SemVecNet: Generalizable Vector Map Generation for Arbitrary Sensor Configurations
Narayanan Elavathur Ranganatha, Hengyuan Zhang, Shashank Venkatramani, Jing-Yan Liao, Henrik I. Christensen
TL;DR
SemVecNet tackles the generalization problem in online vector map generation by introducing a modular pipeline that uses a BEV semantic map as an intermediate representation, decoupling sensor configurations from the final vector map. The semantic mapping stage fuses real-time camera and LiDAR data into an ego-centric BEV semantic grid, which is then vectorized by a MapTRv2-inspired decoder to produce labeled map elements. Cross-dataset experiments demonstrate substantially better transfer than state-of-the-art end-to-end approaches, and real-world campus data validates practical applicability without retraining.
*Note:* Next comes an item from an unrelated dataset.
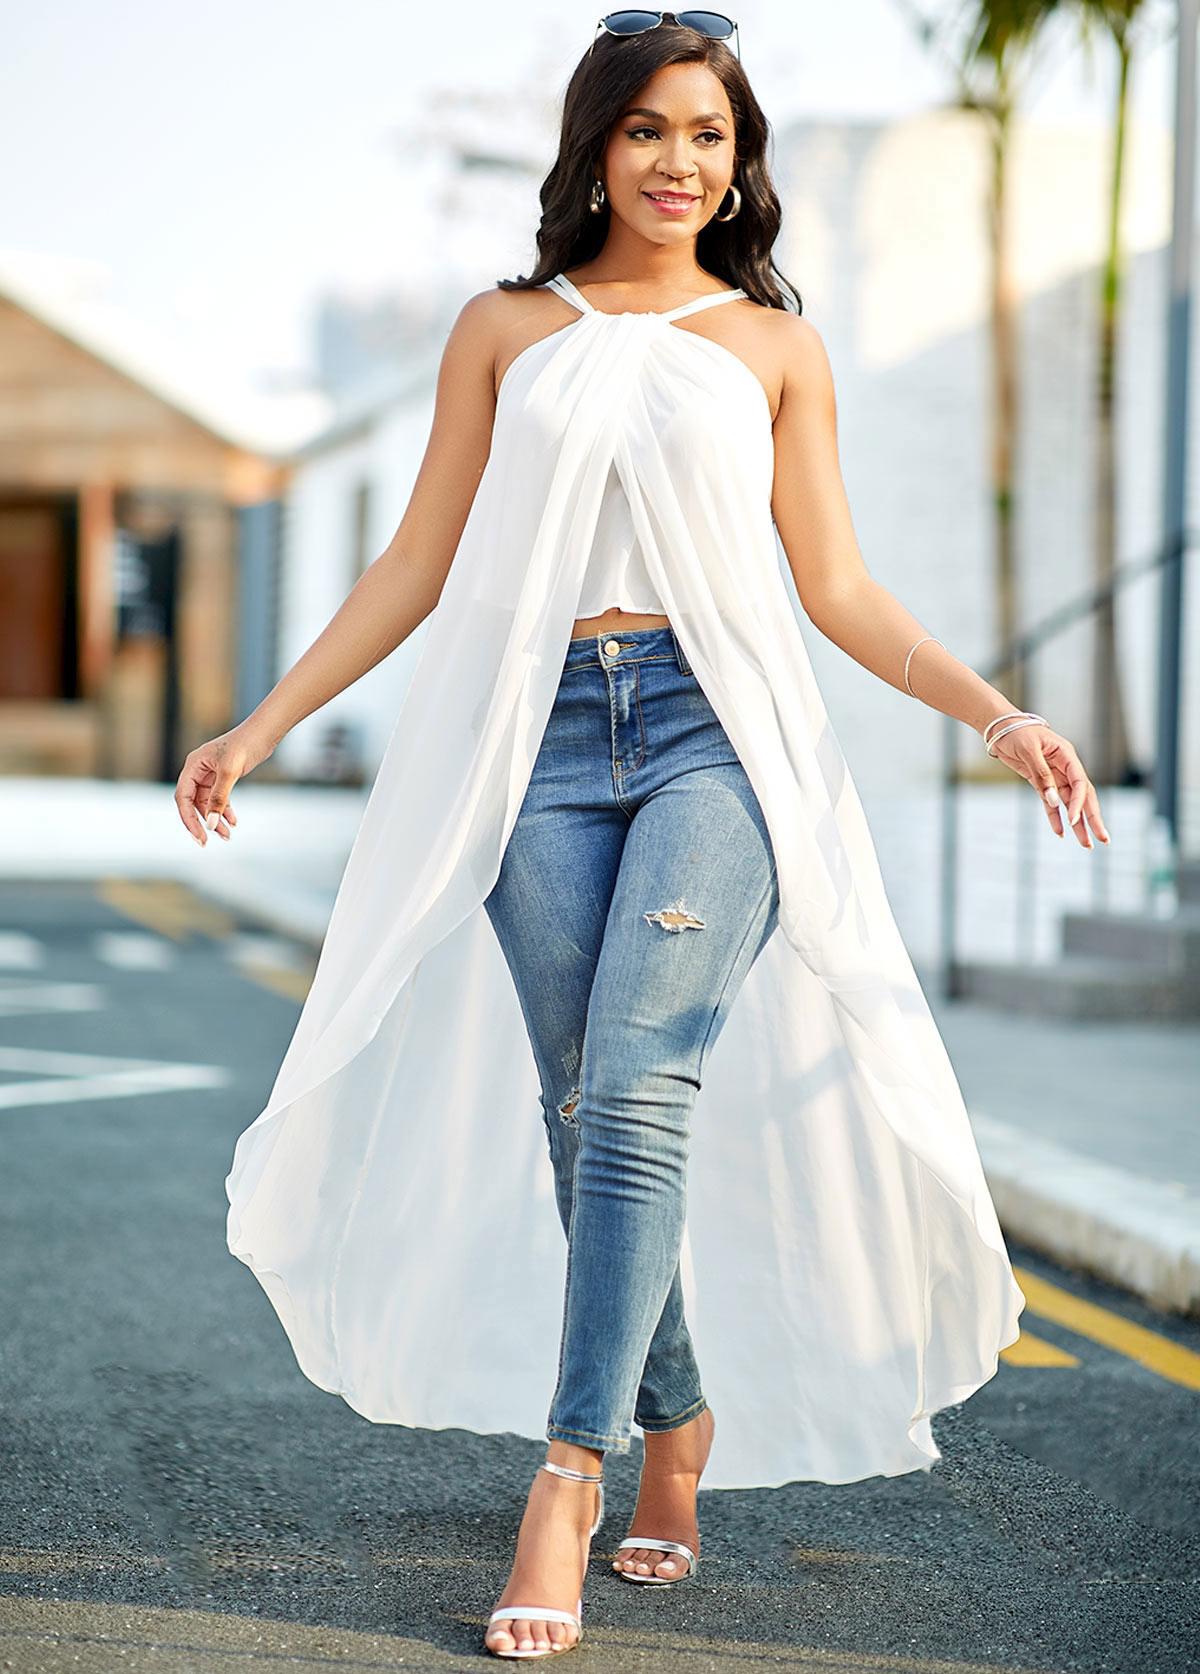 ROTITA Asymmetric Hem White Cross Strap Chiffon Blouse

The approach reduces the need for extensive labeling and retraining when deploying across platforms with different sensor setups, moving toward sensor-configuration-agnostic autonomous systems.
Abstract
Vector maps are essential in autonomous driving for tasks like localization and planning, yet their creation and maintenance are notably costly. While recent advances in online vector map generation for autonomous vehicles are promising, current models lack adaptability to different sensor configurations. They tend to overfit to specific sensor poses, leading to decreased performance and higher retraining costs. This limitation hampers their practical use in real-world applications. In response to this challenge, we propose a modular pipeline for vector map generation with improved generalization to sensor configurations. The pipeline leverages probabilistic semantic mapping to generate a bird's-eye-view (BEV) semantic map as an intermediate representation. This intermediate representation is then converted to a vector map using the MapTRv2 decoder. By adopting a BEV semantic map robust to different sensor configurations, our proposed approach significantly improves the generalization performance. We evaluate the model on datasets with sensor configurations not used during training. Our evaluation sets includes larger public datasets, and smaller scale private data collected on our platform. Our model generalizes significantly better than the state-of-the-art methods.